Именно так. Четыре пафосных заглавных буквы. Игни мысленно хмыкнул. Слово жертва никак не вязалось с той жуткой старушенцией. Разве что кого-то другого приговорить. Смерть — умерла. Тавтология получается.
— Принесла себя в жертву Мосту.
И замолчала, словно ждала вопросов. Притихшая Наставник при этом удивленной не выглядела.
От слова «мост» до сих пор в левой стороне груди поджимало.
— Э-э… Будущих Мертвецов?
— Ну, не Канавинскому же! — вспылила Шанна. Имела право — собеседник очевидно тупил. — Да, тому самому, по которому вы с Ни… То есть, ты вернулся на лицевую сторону. Понимаешь, для того чтобы по нему пройти — кому-то, кроме меня и бабушки, — нужно, чтобы кто-то третий очень сильно этого пожелал. Настолько, что согласился бы отдать за это свою жизнь. В тот момент, когда она открыла вам Мост, он забрал ее. Забрал в обмен на вас, понимаешь?
— Угу. И нафига ей это понадобилось?
— Ну, уж точно не ради вашей с Никой светлой и чистой любви. Она передала мне свой дар и мечтала уйти. Думаешь, вечная жизнь — это так легко и приятно?
Интересно, конечно, но совершенно непонятно, к чему она клонит. Как там положено в таких случаях? «Светлая память»? «Покойся с миром»? И ради этого она сюда прискакала?
— Не догоняешь, — проницательно констатировала Шанна. Игни слегка пожал плечами в знак согласия. — Успела отвыкнуть от твоей заторможенности, — не удержалась и съязвила она. — Слушай и вникай. Я могу это повторить. Повторить, говорю! Страдающие от приступов внезапной глухоты читают по губам: я могу снова протащить сюда Нику.
Наставник жутко ругалась, когда он курил в квартире, но сейчас явно был исключительный случай.
Пальцы мелко подрагивали. Игни усилием воли затолкал эмоции в глубь себя и вытащил на поверхность последние слова Шанны. Не просто же так она болтала.
— И тогда умрешь ты. — Наконец-то, хоть что-то путное из себя выжал.
— Да. Но мне, сам понимаешь, не хотелось бы.
— А жертва любая сгодится? А то есть тут у меня одна на примете, — хмуро сообщил Игни, стряхивая пепел прямо себе под ноги.
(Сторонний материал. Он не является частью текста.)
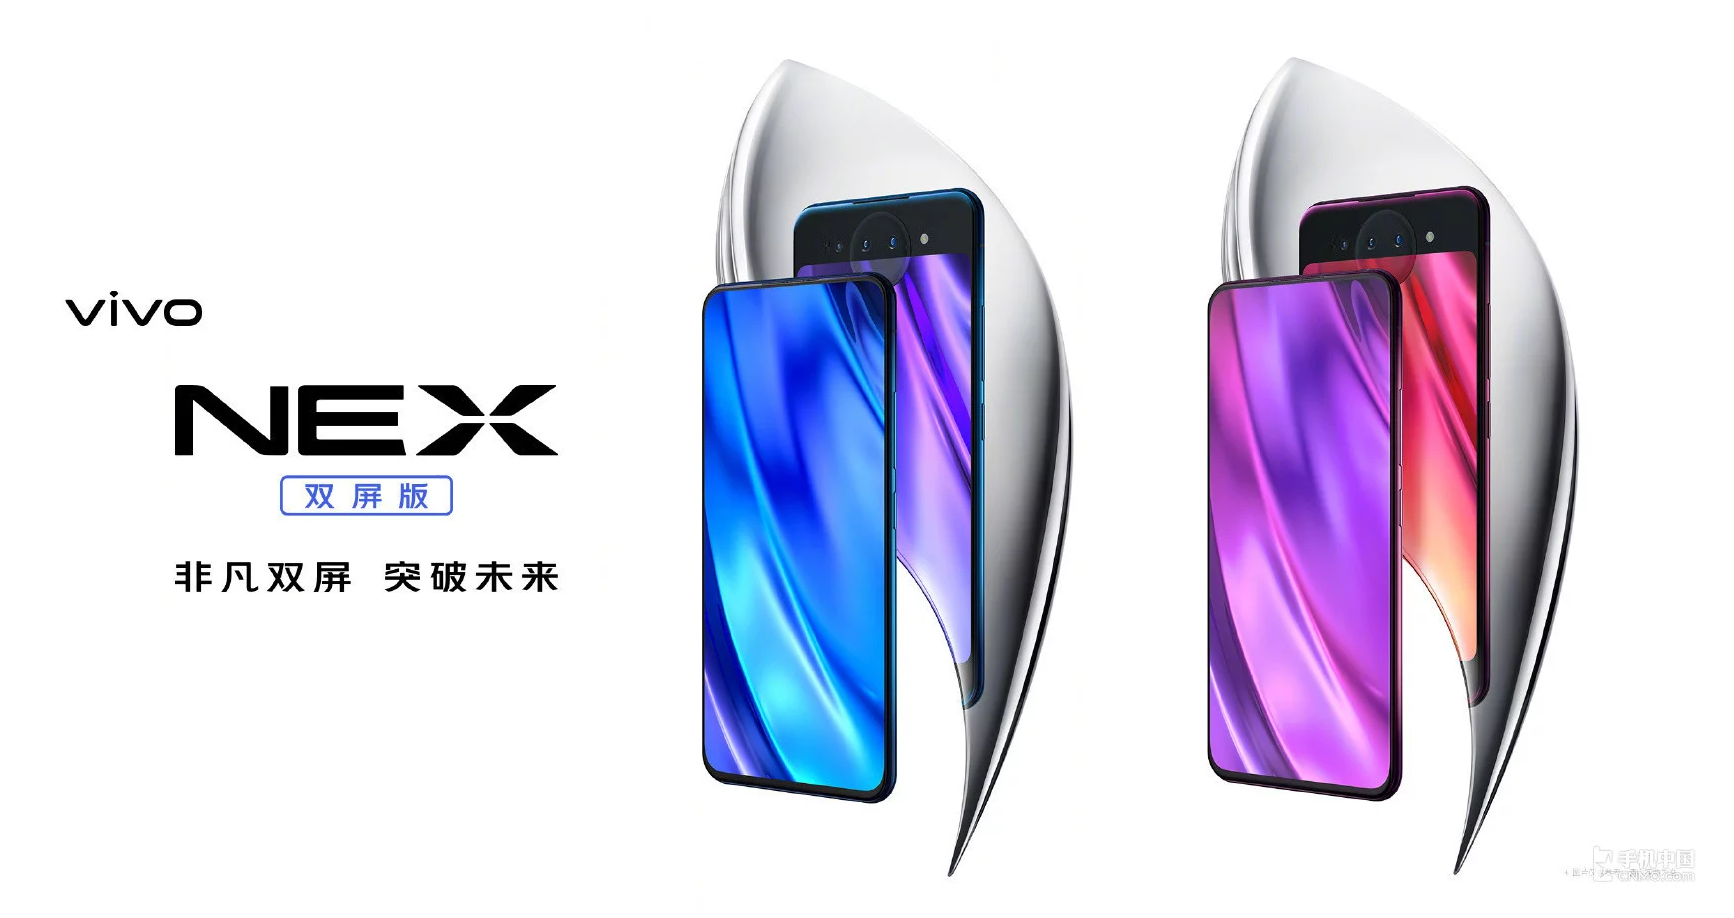 vivo NEX 2 official images released, coming soon on 11 December 2018

— Если бы! Только добровольная. — Шанна развернула карамельку, кинула за щеку. Выдержала паузу, интриганка мелкая. — И она у нас будет.
Типа, все сказала, дальше сам докручивай.
Напрасно надеялась. Не докручивательное у него сегодня настроение.
Замершая возле окна Наставник шевельнулась, оставила наконец в покое подол своего передника и проскрипела:
— Я сама предложила.
Наверное, он должен был как-то отреагировать. Ахнуть, там, охнуть. Запротестовать, переубедить. Или как-нибудь еще выразить свое сожаление, негодование, испуг.
Но выражать было нечего.
Бревно бесчувственное.
Они обе это поняли и в дальнейшем обращались только друг к другу, словно Игни только что встал и вышел.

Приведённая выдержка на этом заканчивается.